**Try it**
Copy out the whole listing exactly as given. Skip the pictures.

**Material provided**
--- START ---

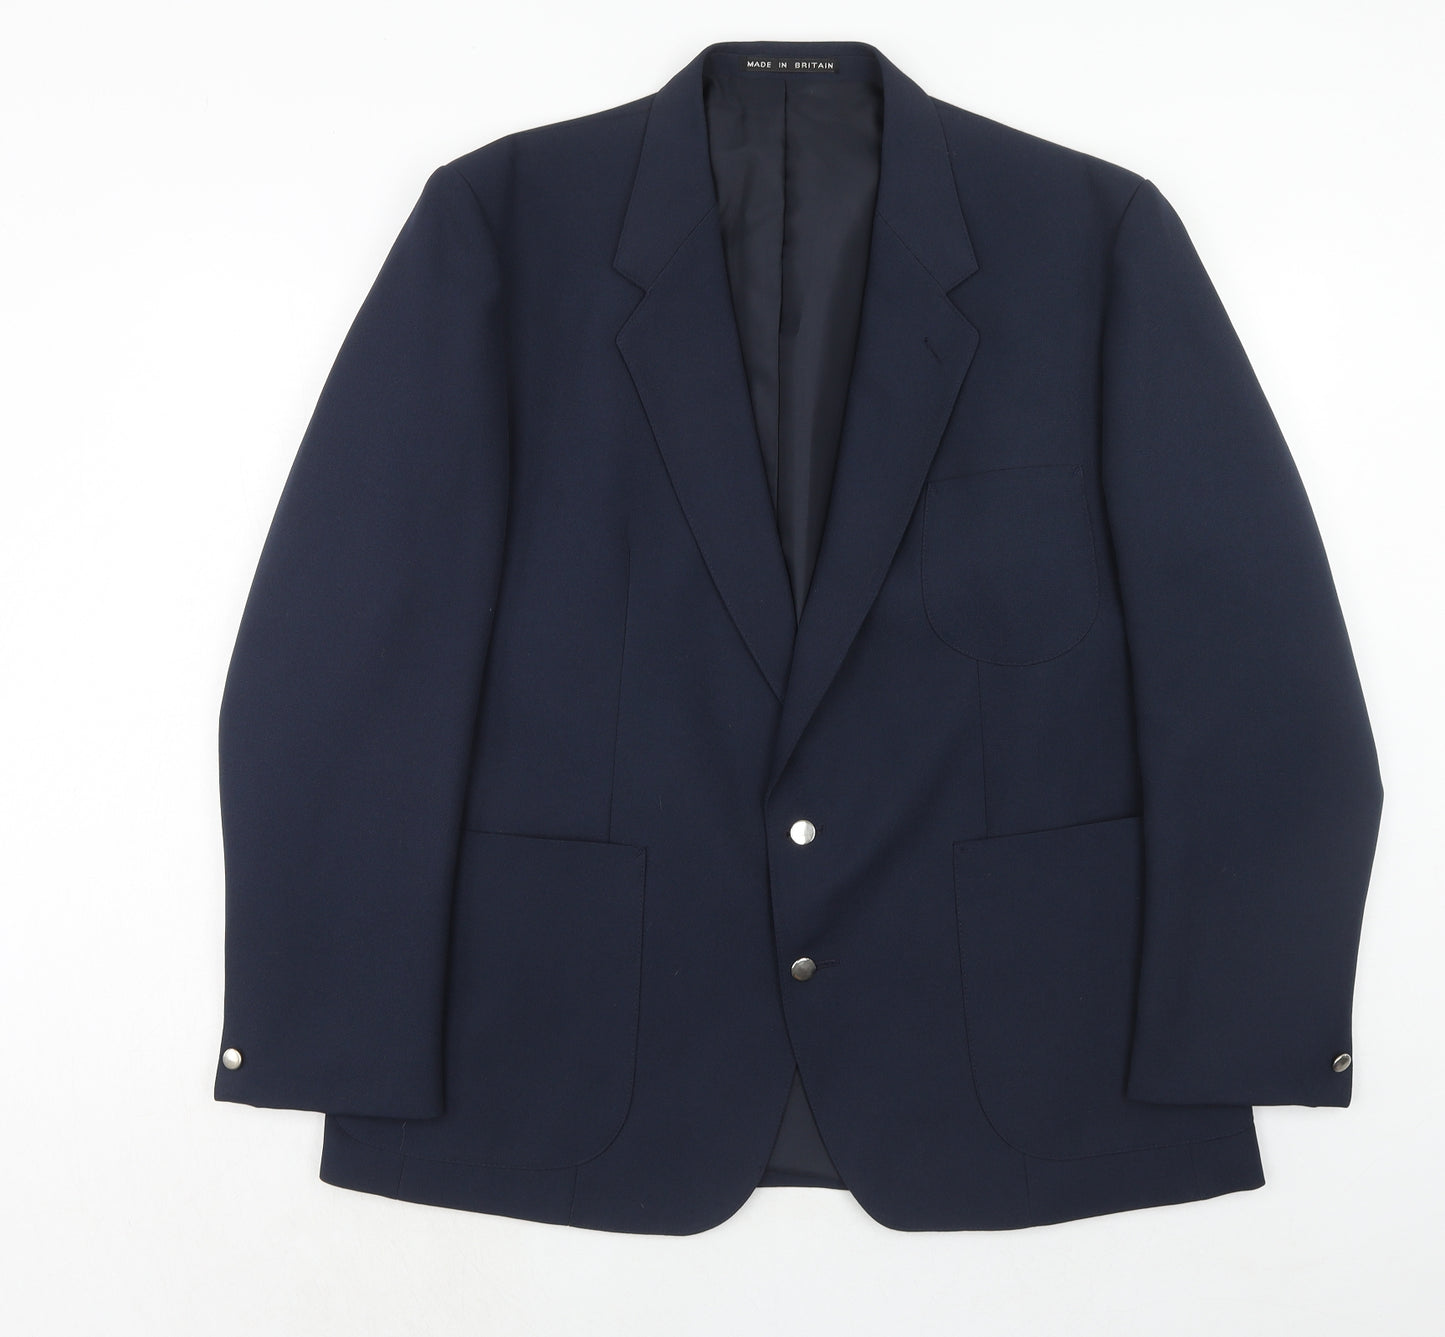 Greenwoods Mens Blue Polyester Jacket Suit Jacket Size 44 Regular
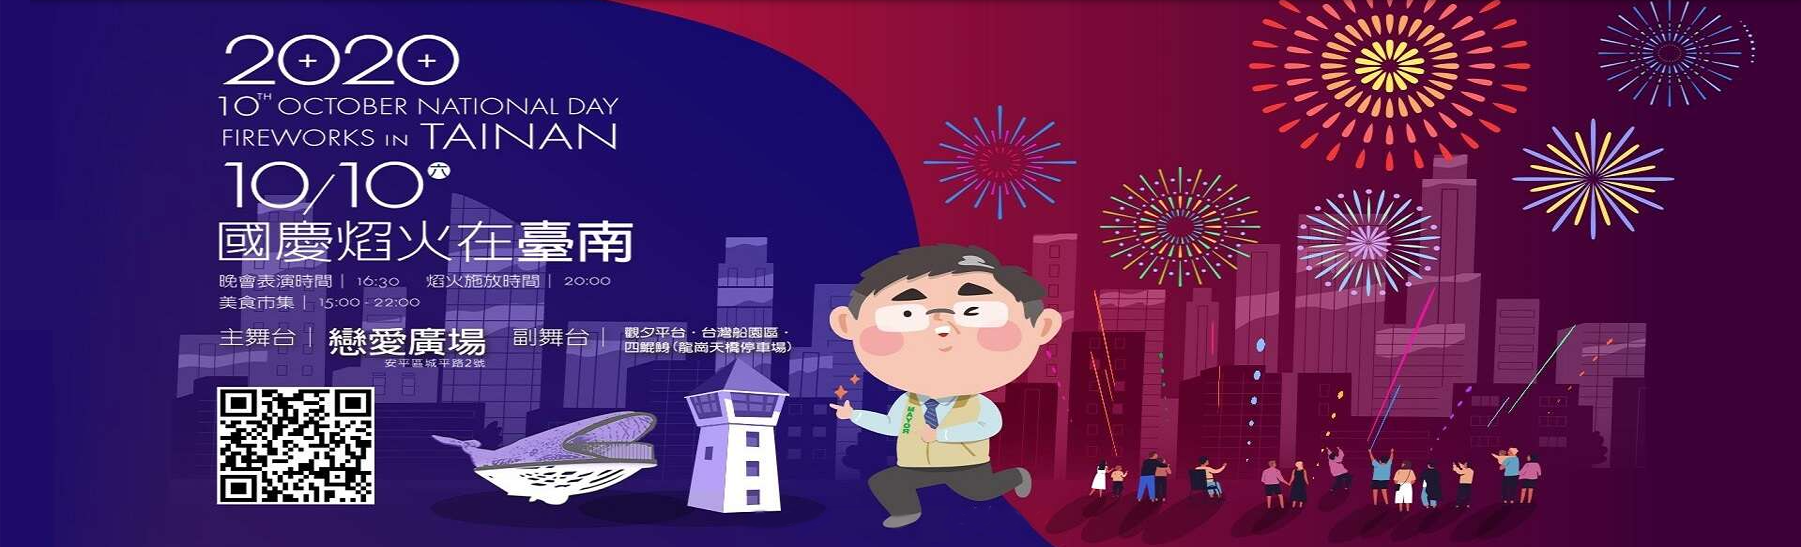 2020國慶焰火在臺南 套裝遊程及旅遊攻略看這裡！
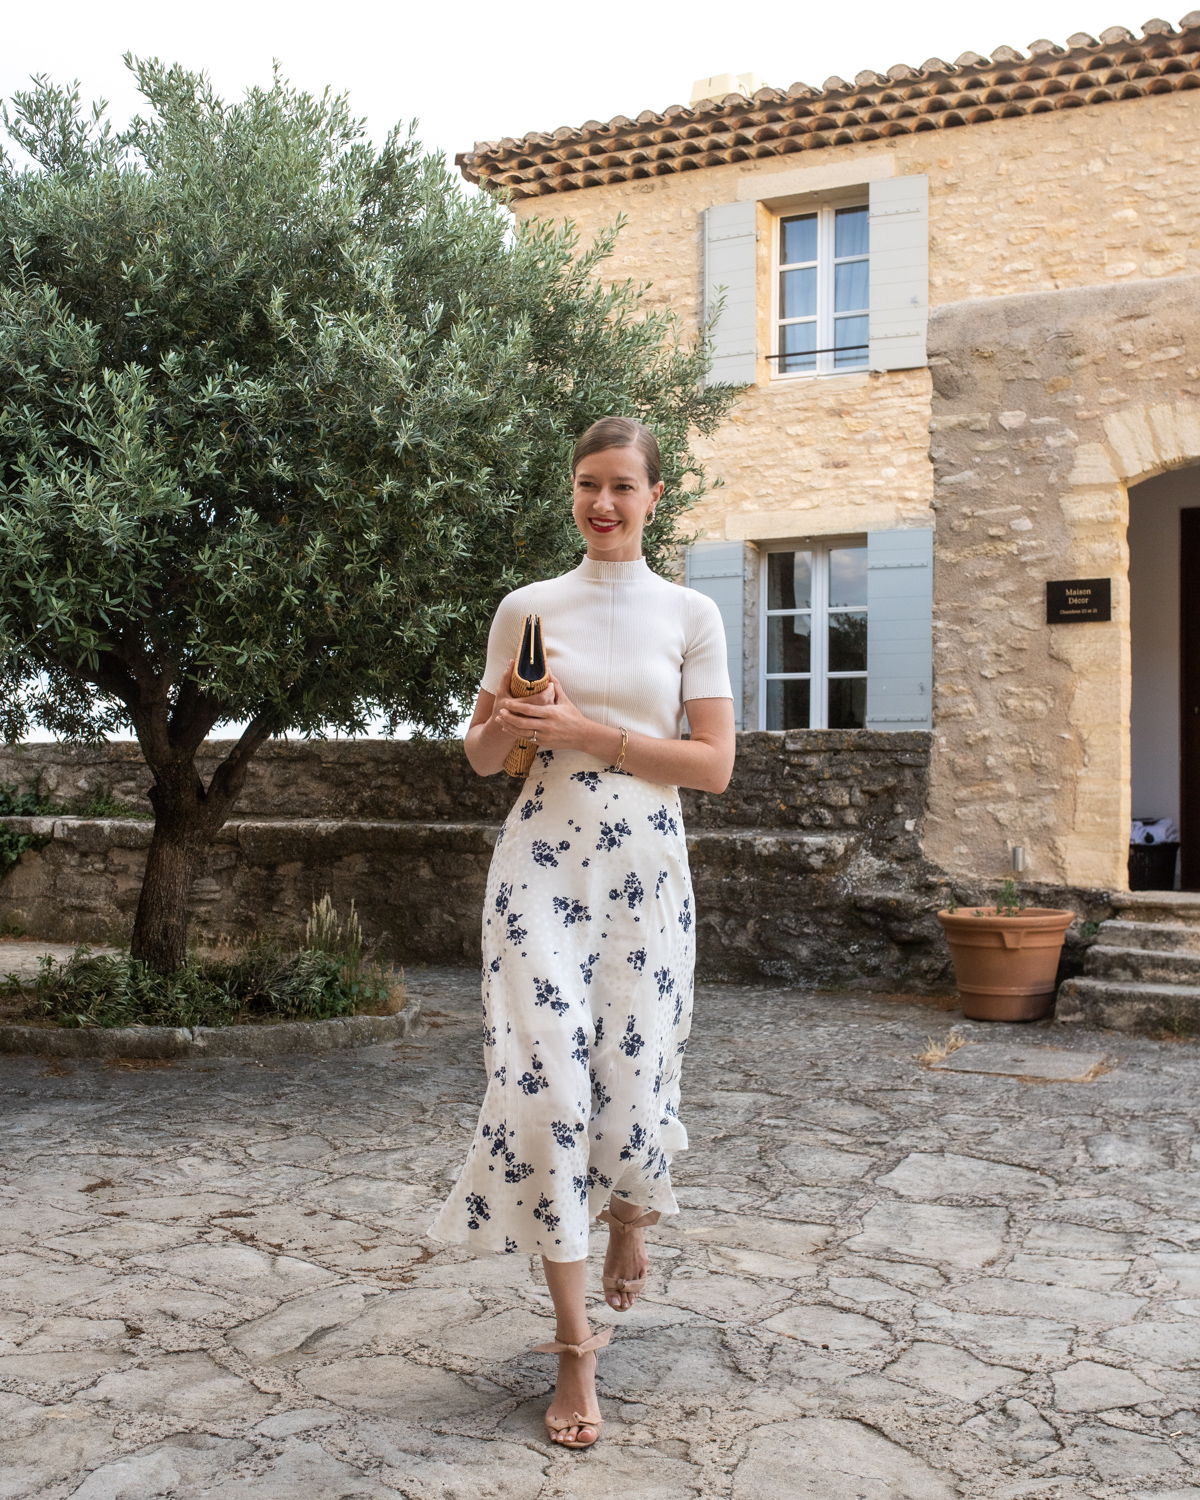 Stacie Flinner x Crillon Le Brave Best Hotels in Provence-6.jpg
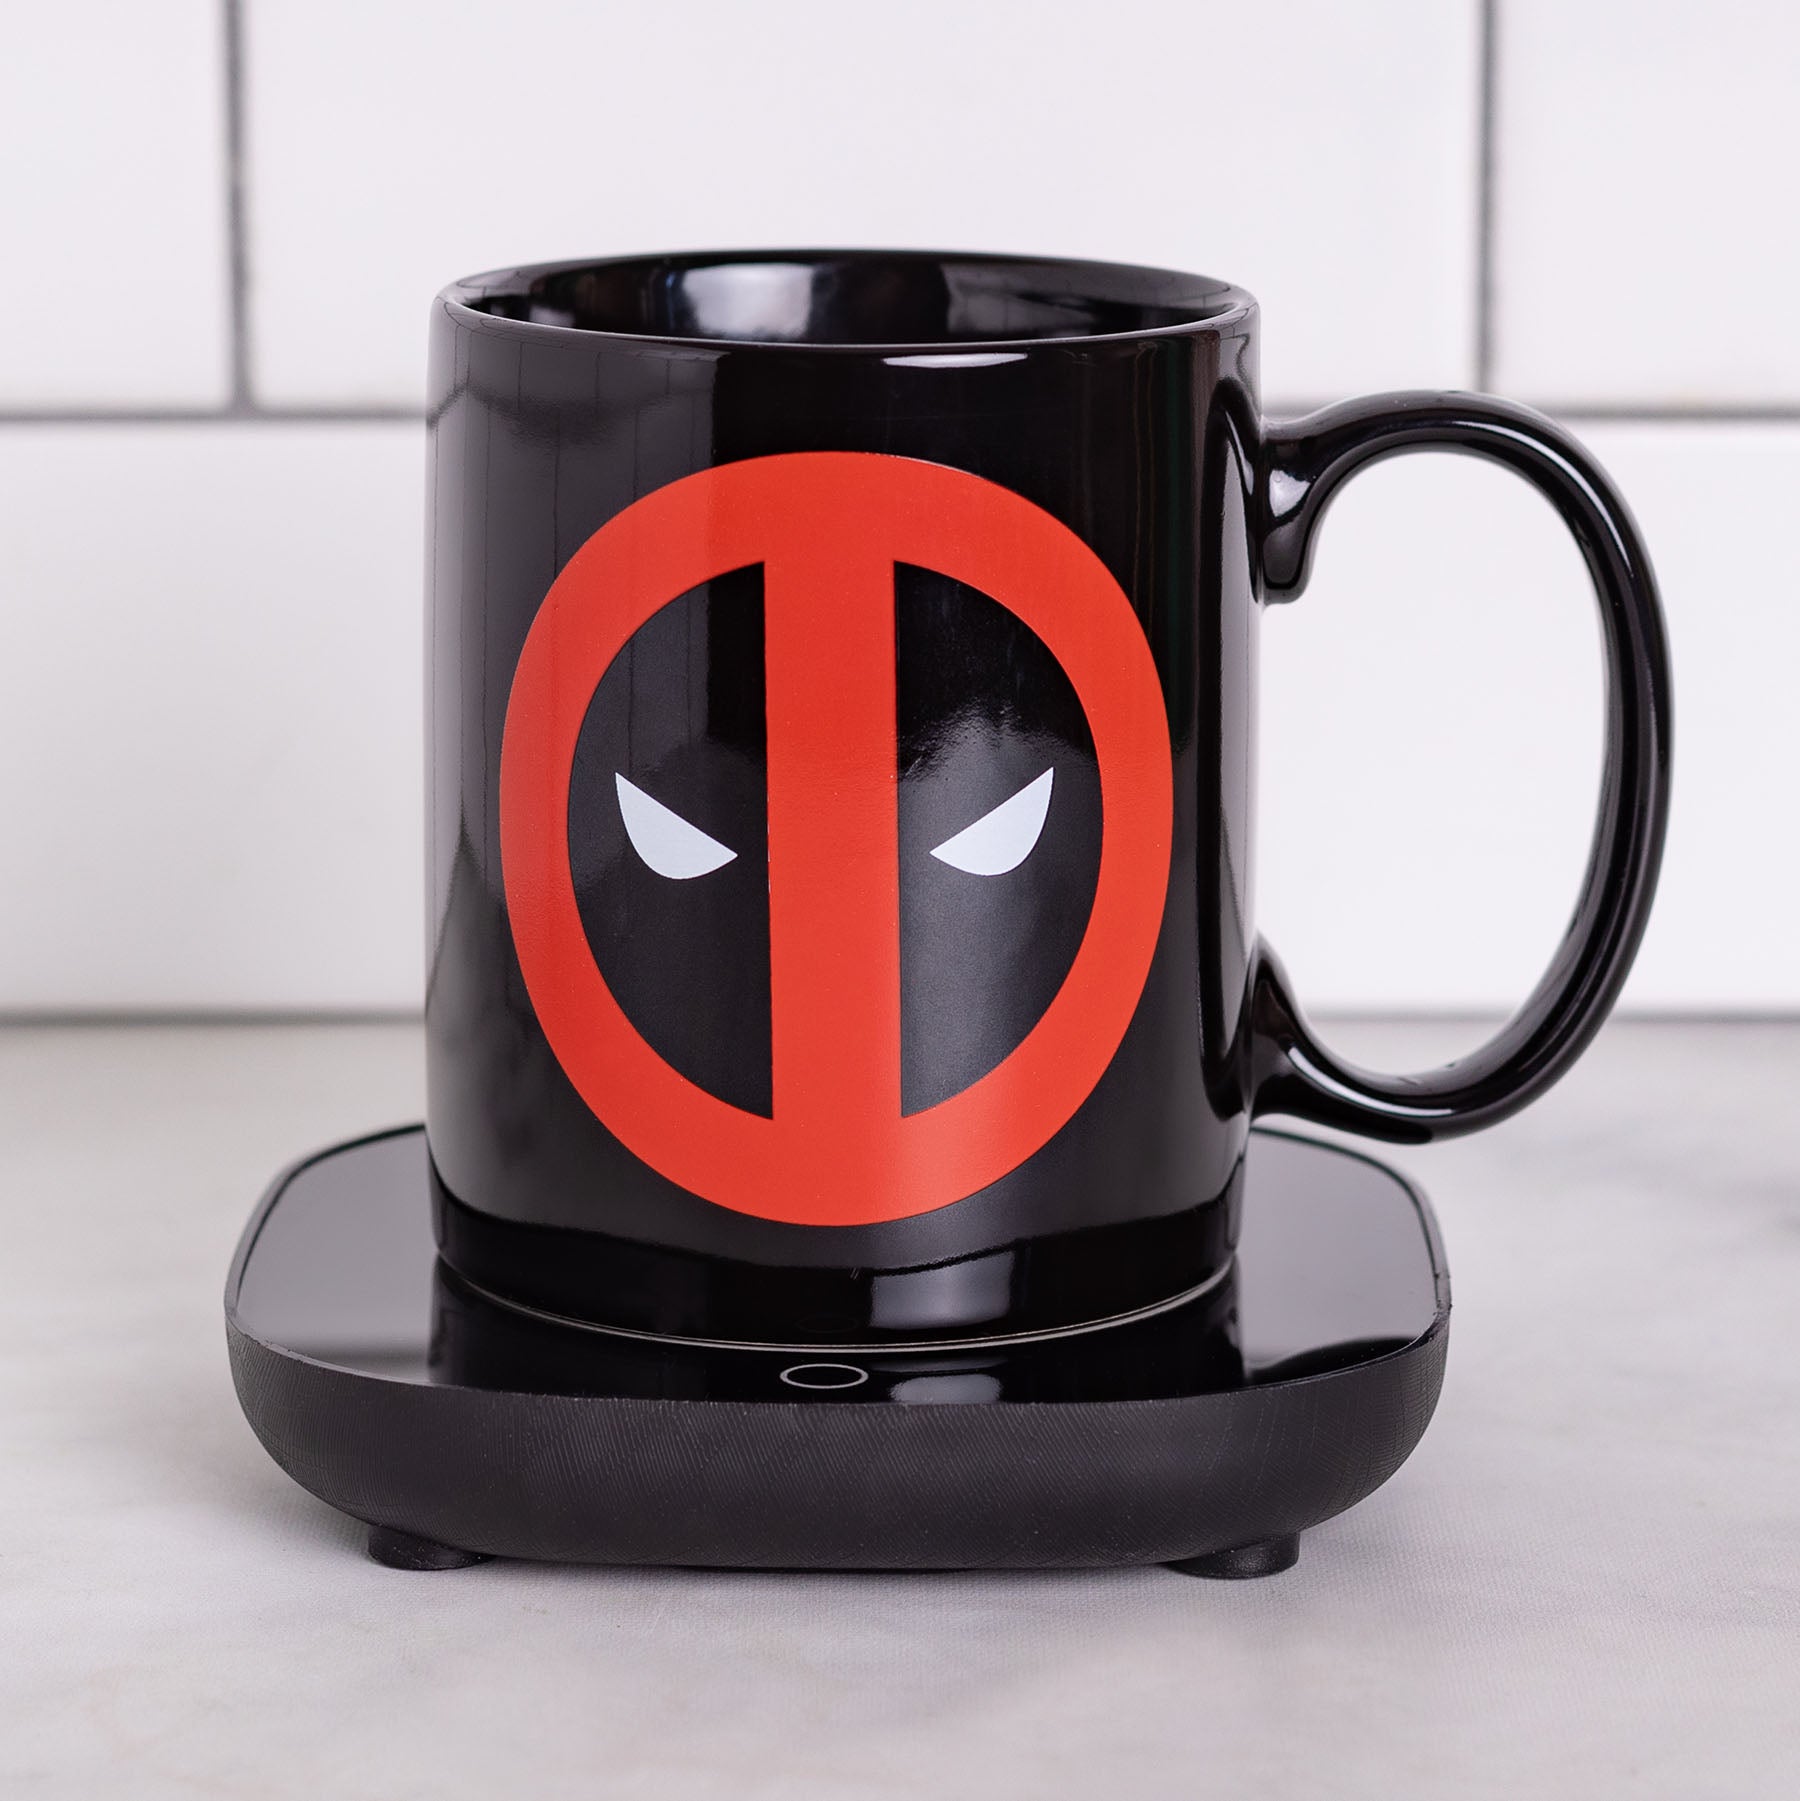 Uncanny Brands Marvel Venom Mug Warmer with Mug – Keeps Your Favorite  Beverage Warm - Auto Shut On/Off

--- END ---

**Solved problem**
 Greenwoods Mens Blue Polyester Jacket Suit Jacket Size 44 Regular
 2020國慶焰火在臺南 套裝遊程及旅遊攻略看這裡！
 Stacie Flinner x Crillon Le Brave Best Hotels in Provence-6.jpg
 Uncanny Brands Marvel Venom Mug Warmer with Mug – Keeps Your Favorite  Beverage Warm - Auto Shut On/Off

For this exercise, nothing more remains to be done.